◆ Task brief
Reproduce the entries below exactly, but only from the line containing "макросъемка пшеницы сельских" to the line containing "North Arrow Symbol", inclusive.

(Source records)
────────
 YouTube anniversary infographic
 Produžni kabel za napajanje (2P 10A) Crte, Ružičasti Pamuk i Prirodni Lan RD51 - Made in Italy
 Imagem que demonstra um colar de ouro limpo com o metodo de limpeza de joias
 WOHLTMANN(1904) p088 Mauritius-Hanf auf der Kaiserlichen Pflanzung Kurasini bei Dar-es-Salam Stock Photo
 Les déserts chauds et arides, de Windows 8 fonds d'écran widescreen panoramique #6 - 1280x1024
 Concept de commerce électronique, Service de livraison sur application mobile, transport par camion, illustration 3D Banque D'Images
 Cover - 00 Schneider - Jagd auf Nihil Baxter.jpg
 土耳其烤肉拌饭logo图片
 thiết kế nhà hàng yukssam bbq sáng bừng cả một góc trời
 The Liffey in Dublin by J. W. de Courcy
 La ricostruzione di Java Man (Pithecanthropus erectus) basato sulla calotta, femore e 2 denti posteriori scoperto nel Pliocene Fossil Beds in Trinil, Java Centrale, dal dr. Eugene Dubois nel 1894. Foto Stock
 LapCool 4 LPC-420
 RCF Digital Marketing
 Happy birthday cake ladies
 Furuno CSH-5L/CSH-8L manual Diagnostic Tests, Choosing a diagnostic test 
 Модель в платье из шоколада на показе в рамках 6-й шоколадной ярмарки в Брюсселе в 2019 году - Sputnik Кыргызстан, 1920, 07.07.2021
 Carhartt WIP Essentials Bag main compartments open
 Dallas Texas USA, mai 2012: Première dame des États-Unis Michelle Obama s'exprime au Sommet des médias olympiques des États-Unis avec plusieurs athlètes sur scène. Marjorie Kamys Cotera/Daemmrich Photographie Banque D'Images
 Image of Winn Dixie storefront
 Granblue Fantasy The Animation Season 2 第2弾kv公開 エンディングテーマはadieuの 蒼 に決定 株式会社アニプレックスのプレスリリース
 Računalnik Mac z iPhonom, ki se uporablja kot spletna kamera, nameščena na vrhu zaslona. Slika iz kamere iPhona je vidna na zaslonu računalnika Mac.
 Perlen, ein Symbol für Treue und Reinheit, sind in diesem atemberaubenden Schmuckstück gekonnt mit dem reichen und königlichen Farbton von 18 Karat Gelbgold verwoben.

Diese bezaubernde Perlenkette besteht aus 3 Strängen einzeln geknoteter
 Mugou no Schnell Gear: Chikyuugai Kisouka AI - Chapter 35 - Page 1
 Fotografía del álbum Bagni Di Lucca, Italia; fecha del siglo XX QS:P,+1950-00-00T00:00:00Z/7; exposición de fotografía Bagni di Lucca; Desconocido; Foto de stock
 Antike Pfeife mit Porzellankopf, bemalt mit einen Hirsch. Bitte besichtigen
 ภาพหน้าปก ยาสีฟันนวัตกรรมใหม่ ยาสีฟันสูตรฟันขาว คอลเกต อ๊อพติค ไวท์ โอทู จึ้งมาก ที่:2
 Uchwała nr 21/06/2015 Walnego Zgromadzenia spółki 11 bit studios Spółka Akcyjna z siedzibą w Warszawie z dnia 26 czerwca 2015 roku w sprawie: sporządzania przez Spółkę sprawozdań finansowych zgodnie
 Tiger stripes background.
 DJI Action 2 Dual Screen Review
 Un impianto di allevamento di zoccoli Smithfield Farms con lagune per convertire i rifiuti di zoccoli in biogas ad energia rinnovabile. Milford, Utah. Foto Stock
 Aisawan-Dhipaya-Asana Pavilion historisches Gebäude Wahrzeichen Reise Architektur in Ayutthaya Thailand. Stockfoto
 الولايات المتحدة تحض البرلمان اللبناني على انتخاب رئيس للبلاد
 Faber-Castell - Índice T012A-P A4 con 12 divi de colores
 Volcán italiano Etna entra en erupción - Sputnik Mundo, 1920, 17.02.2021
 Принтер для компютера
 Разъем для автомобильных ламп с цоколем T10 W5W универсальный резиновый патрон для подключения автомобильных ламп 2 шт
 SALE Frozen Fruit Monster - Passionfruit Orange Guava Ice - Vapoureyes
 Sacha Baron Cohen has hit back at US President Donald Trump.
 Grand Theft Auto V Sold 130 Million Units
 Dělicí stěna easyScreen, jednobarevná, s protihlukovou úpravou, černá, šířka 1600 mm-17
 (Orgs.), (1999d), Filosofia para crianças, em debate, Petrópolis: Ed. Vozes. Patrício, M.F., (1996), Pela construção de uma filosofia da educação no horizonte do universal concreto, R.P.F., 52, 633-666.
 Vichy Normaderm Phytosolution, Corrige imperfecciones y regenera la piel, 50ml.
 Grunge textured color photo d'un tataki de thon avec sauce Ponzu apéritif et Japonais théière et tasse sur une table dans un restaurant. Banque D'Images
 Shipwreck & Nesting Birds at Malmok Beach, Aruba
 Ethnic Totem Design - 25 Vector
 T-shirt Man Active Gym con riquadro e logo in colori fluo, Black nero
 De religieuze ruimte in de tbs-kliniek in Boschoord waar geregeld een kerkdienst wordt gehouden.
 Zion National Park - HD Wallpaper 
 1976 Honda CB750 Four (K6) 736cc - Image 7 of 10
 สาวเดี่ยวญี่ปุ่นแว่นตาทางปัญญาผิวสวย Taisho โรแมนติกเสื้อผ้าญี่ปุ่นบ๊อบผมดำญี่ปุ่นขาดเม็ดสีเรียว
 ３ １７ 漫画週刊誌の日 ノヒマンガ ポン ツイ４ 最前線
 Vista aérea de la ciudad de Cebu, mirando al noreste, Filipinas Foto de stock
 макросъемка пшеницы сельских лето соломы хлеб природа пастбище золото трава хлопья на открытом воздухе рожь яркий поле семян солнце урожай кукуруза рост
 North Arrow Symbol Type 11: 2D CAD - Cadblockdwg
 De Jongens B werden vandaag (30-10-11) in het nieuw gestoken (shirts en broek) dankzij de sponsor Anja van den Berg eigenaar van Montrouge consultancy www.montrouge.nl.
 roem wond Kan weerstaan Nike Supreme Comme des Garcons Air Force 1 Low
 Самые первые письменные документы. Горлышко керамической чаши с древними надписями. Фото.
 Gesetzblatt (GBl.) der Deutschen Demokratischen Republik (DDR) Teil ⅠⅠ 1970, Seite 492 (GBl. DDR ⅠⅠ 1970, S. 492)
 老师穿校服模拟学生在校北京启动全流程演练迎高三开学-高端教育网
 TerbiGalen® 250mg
────────
◆ Solution
 макросъемка пшеницы сельских лето соломы хлеб природа пастбище золото трава хлопья на открытом воздухе рожь яркий поле семян солнце урожай кукуруза рост
 North Arrow Symbol Type 11: 2D CAD - Cadblockdwg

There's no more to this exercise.